38

4 0 0
                                    

Pintu kamar tidurnya terbuka. "Kakak perempuan Jepang?"

Kotonoha terus memeluk bantal tanpa mendongak. Dia tidak ingin Kokoro-chan melihatnya menangis.

"Apa yang salah?" Kokoro bertanya. “Dimana Makoto-kun?”

“Dia…” Kotonoha menelan ludah. Hilang.

Hilang? Pergi kemana? ”

“Dia… dia bilang dia butuh waktu untuk berpikir.”

"Tentang apa?"

“Ini… itu tidak penting.” Tidak mungkin dia bisa memberitahu adiknya itu.

"Onee-chan," Kokoro cemberut. “Kamu tidak bisa menyembunyikan sesuatu dariku.”

“Dia akan kembali,” kata Kotonoha. Beri dia waktu.

"Anda berjanji?"

"Saya berjanji. Sekarang pergilah menonton TV. ”

"Baik."

Kokoro meninggalkannya.

Kotonoha menghela nafas.

Ini benar-benar berantakan.

Mungkin dia bisa berbuat lebih banyak untuk menghentikannya?

Tidak tidak. Tidak mungkin dia bisa menghentikannya setelah dia melihat foto-foto itu.

Dia seharusnya tidak menunjukkan padanya foto-foto itu sejak awal.
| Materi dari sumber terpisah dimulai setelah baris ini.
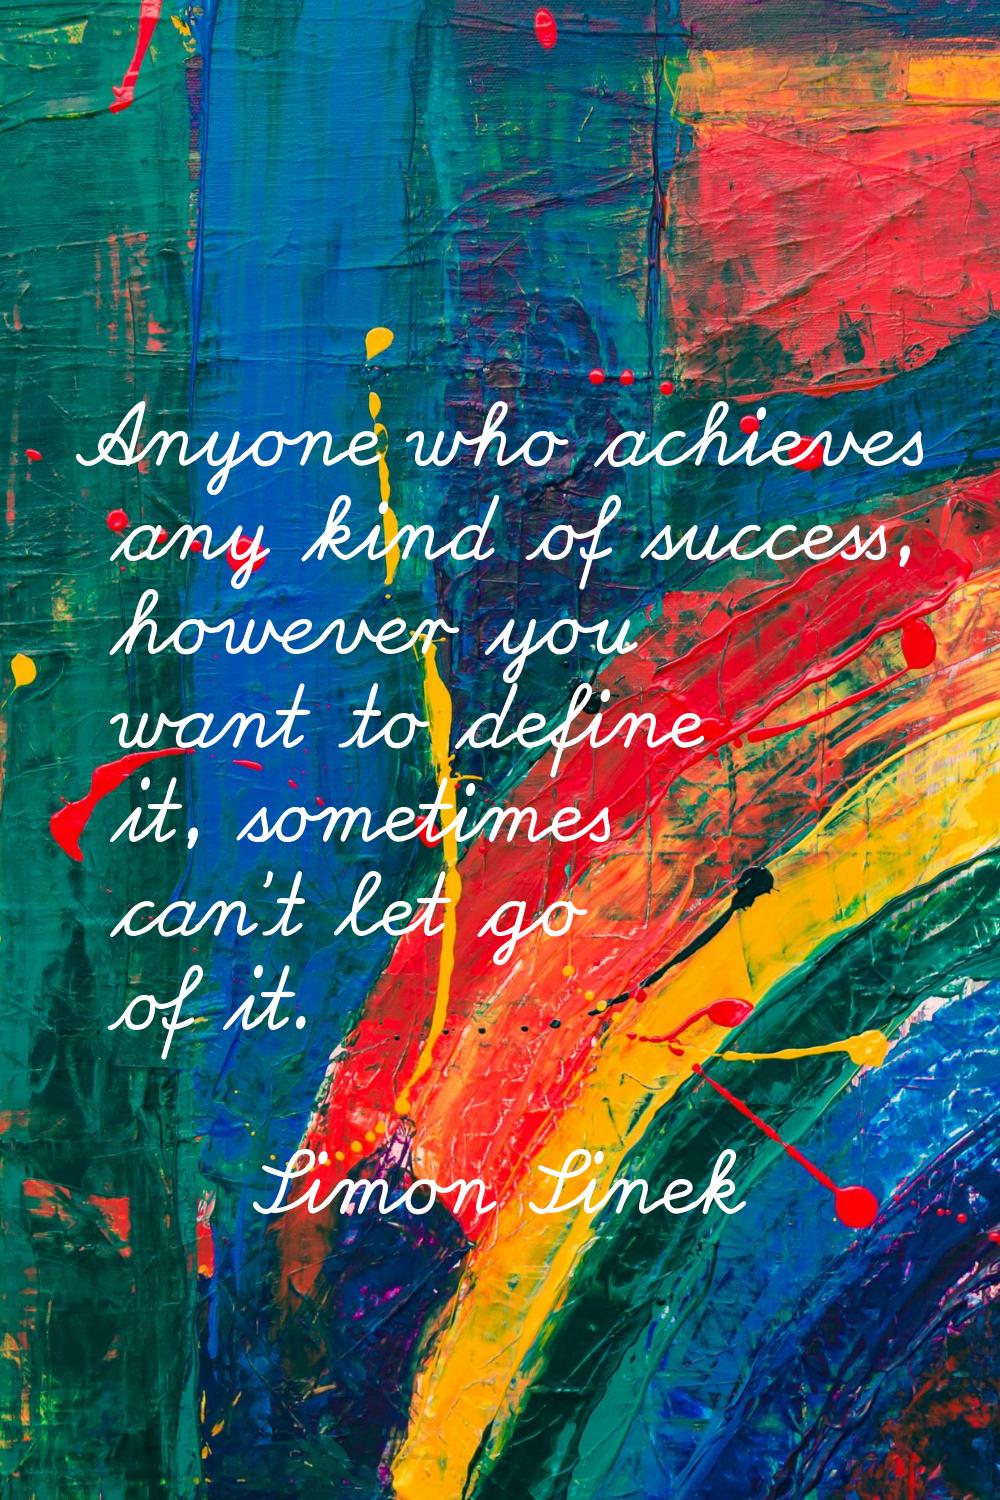 Anyone who achieves any kind of success, however you want to define it, sometimes can't let go of i

Tapi sekali lagi, bagaimana dia bisa tahu pria itu adalah ayahnya?

Pikirkan, pikirkan.

Kerusakan sudah terjadi sekarang. Dia tahu. Jadi dia harus meyakinkannya bahwa itu tidak masalah. Dan ternyata tidak sama sekali. Selain mereka bertiga, tidak ada yang tahu dan mereka tidak punya cara untuk mencari tahu. Dengan asumsi ayahnya tidak mencoba melakukan sesuatu yang gila. Tapi ayahnya tidak tahu di mana mereka tinggal. Dan mereka harus tetap sedikit bersembunyi mengingat situasi dengan orang tuanya. Jadi sungguh, itu tidak terlalu relevan. Kecuali jika mereka ingin punya anak, tetapi mereka bisa mengatasinya nanti.
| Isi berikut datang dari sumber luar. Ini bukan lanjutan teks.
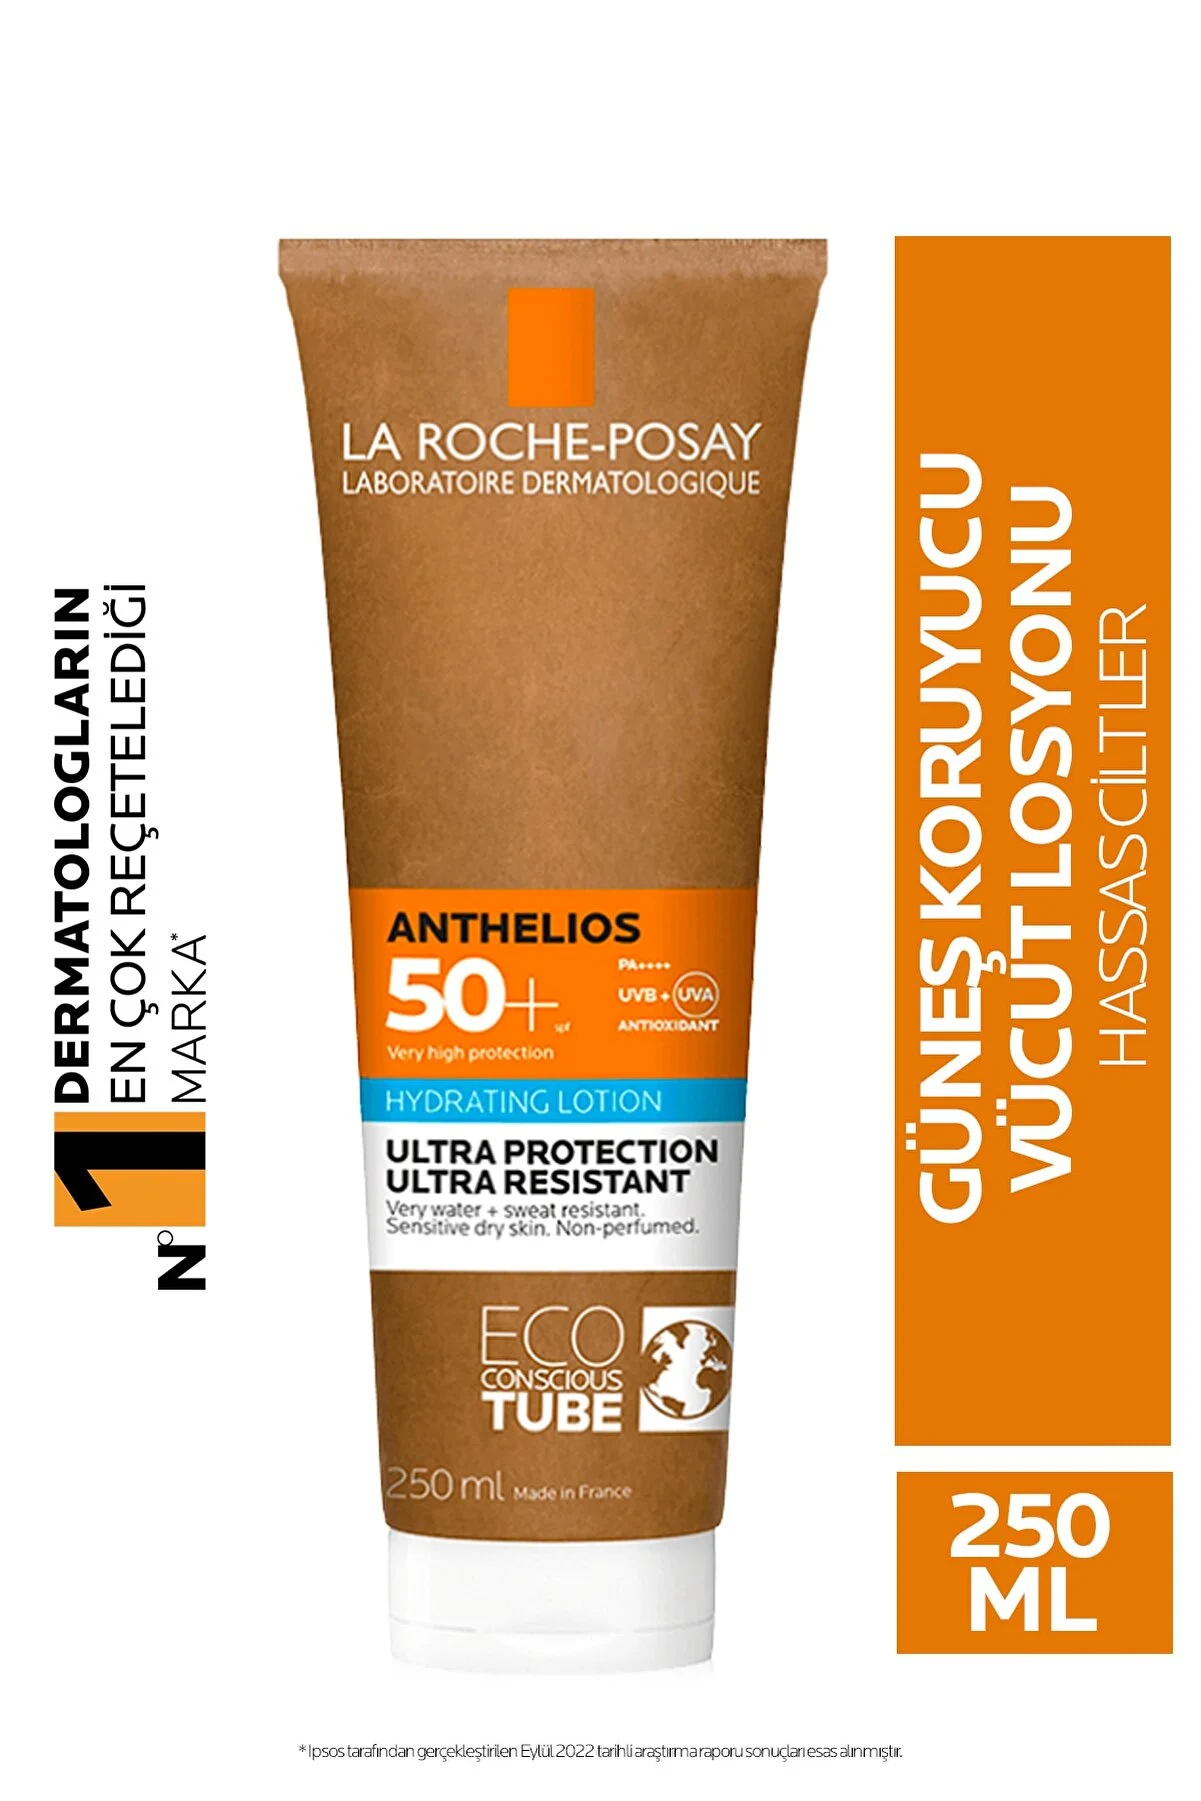 La Roche Posay Anthelios Hydrating Lotion SPF50+ 250 ml - 1

Hari-hari berikutnya berantakan. Tanpa Makoto benar-benar mimpi buruk. Kotonoha harus memaksa dirinya untuk makan, pergi ke sekolah, mandi, tidur, ... bukan karena dia peduli, tetapi karena dia ingin tubuhnya dalam kondisi yang baik ketika dia kembali. Kapan , bukan jika. Dia bahkan tidak bisa mempertimbangkan kemungkinan dia tidak akan kembali.
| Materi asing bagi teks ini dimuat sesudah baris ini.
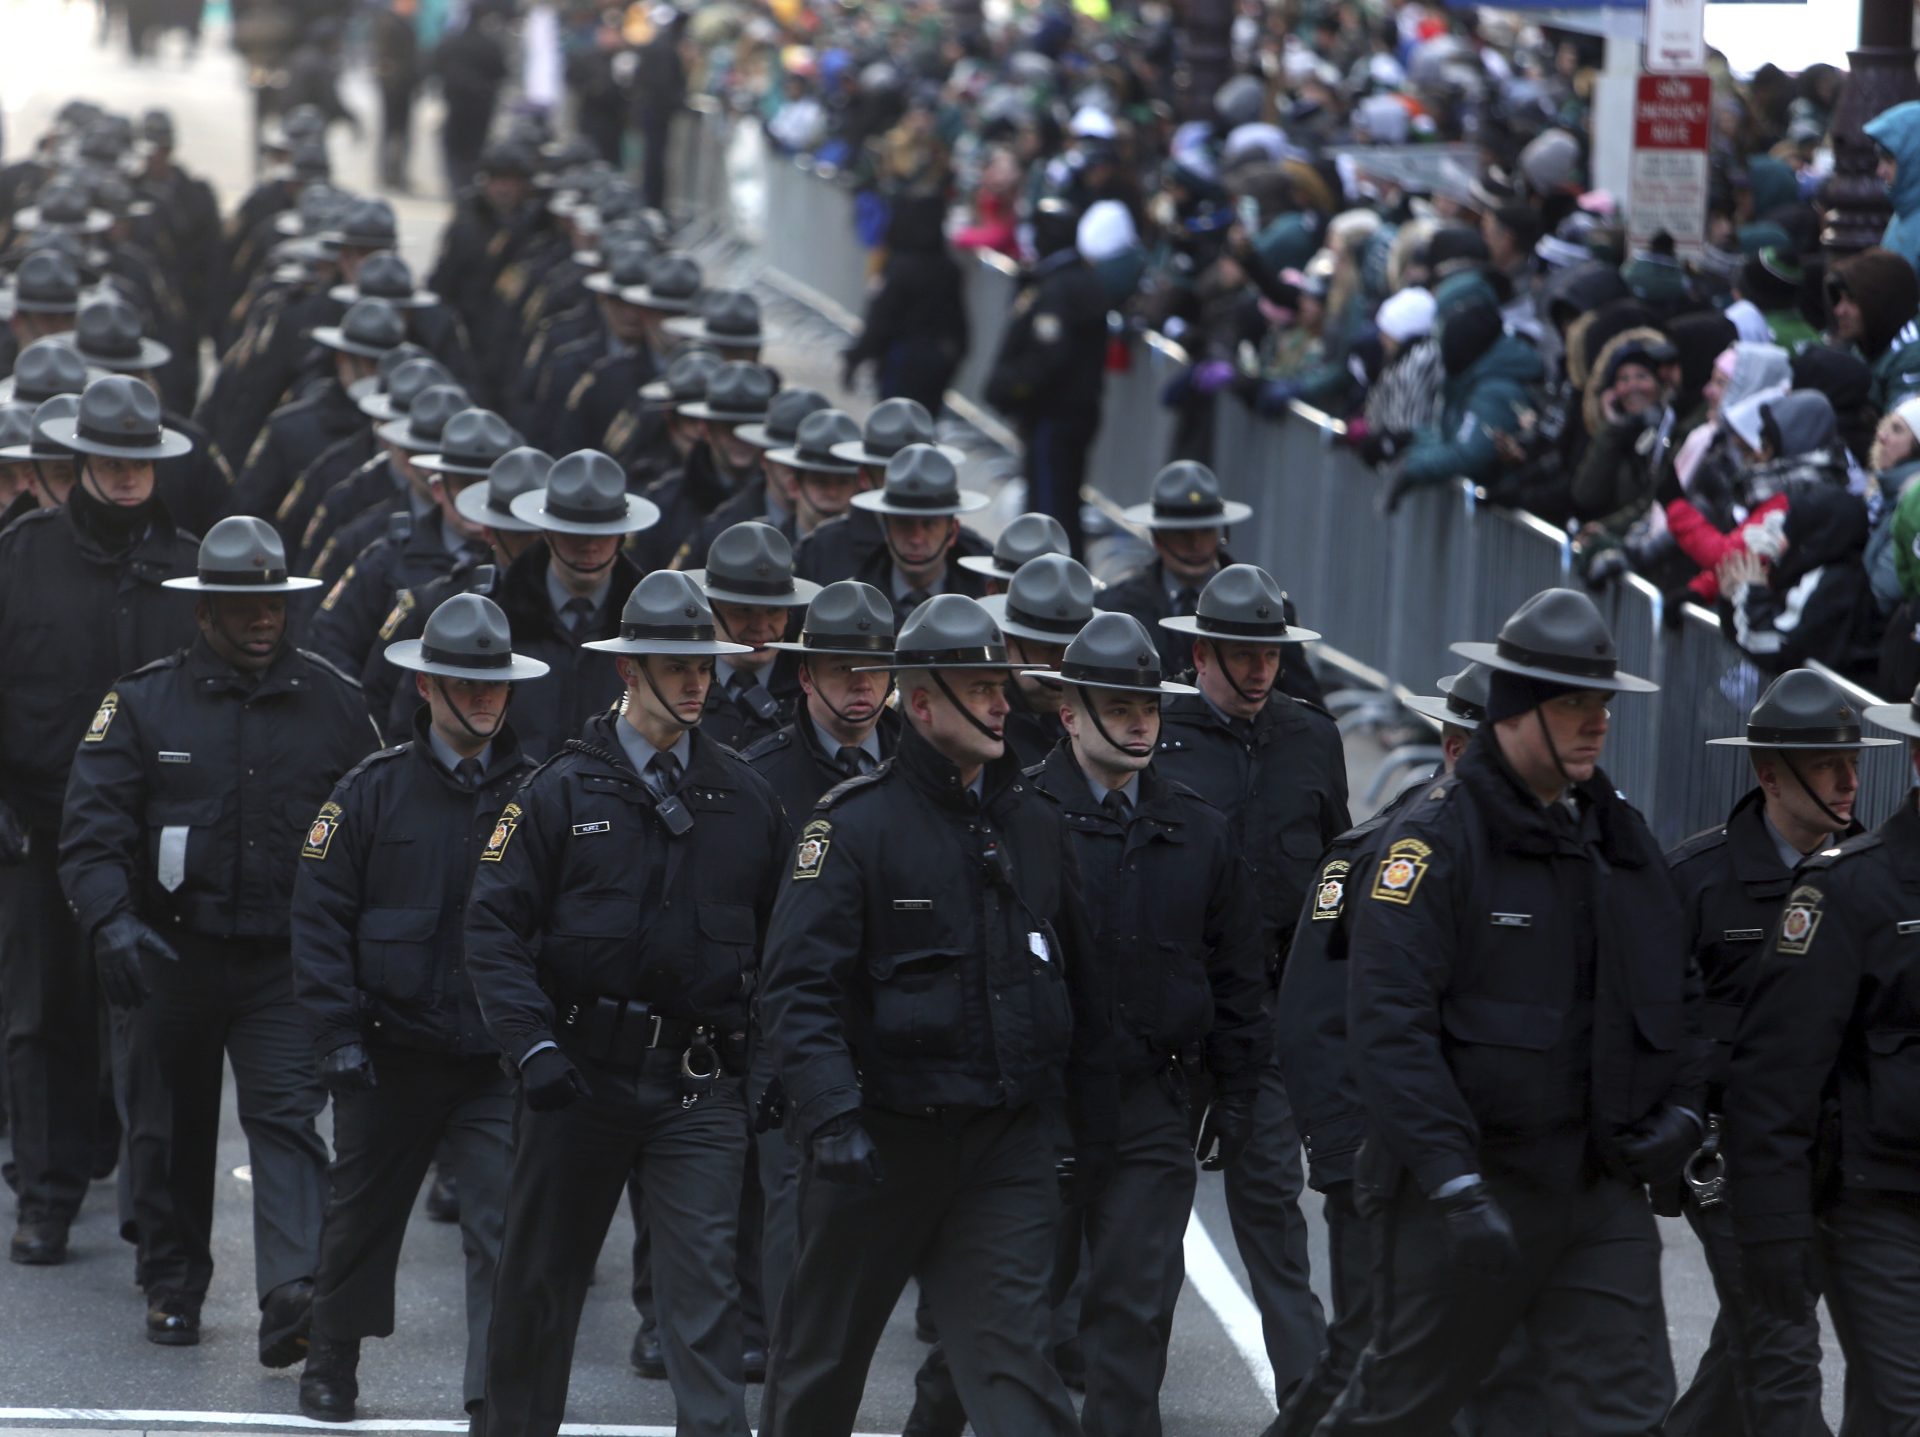 State police deploy before the Eagles team parade and celebration in 2018 in center city Philadelphia.

Dia memanggilnya. Dia tidak pernah menjawab. Pada awalnya, itu adalah pesan suaranya, jadi dia berbicara tentang betapa dia sangat merindukannya dan tentang betapa dia menginginkannya kembali. Tapi setelah beberapa saat, hanya ada suara yang memberitahunya bahwa nomor itu tidak tersedia. Tapi itu tidak menghentikannya untuk berbicara. Dia tahu itu tidak masuk akal, tetapi dia terus berbicara. Itu lebih untuk dirinya sendiri daripada untuk dia. Dia harus meyakinkan dirinya sendiri bahwa dia akan kembali dan dia masih peduli padanya. Jika dia berhenti mempercayai itu, dia mungkin tidak akan berhasil.

Tekadnya tidak melemah seiring waktu. Nyatanya, sepertinya hanya tumbuh. Dia hanya butuh waktu. Sedikit lebih banyak waktu. Sebentar lagi…

"Kakak perempuan Jepang?"

Kotonoha menggelengkan kepalanya. “Jangan menyela aku, Kokoro-chan. Ada makanan di lemari es. "

“Saya tidak ingin makanan. Aku ingin adikku kembali. "

Kotonoha menggelengkan kepalanya dan mengabaikan suara itu.

Tidak penting.

Mungkin dia harus menelepon Makoto-kun lagi? Atau terlalu dini? Dia tidak ingin memaksa.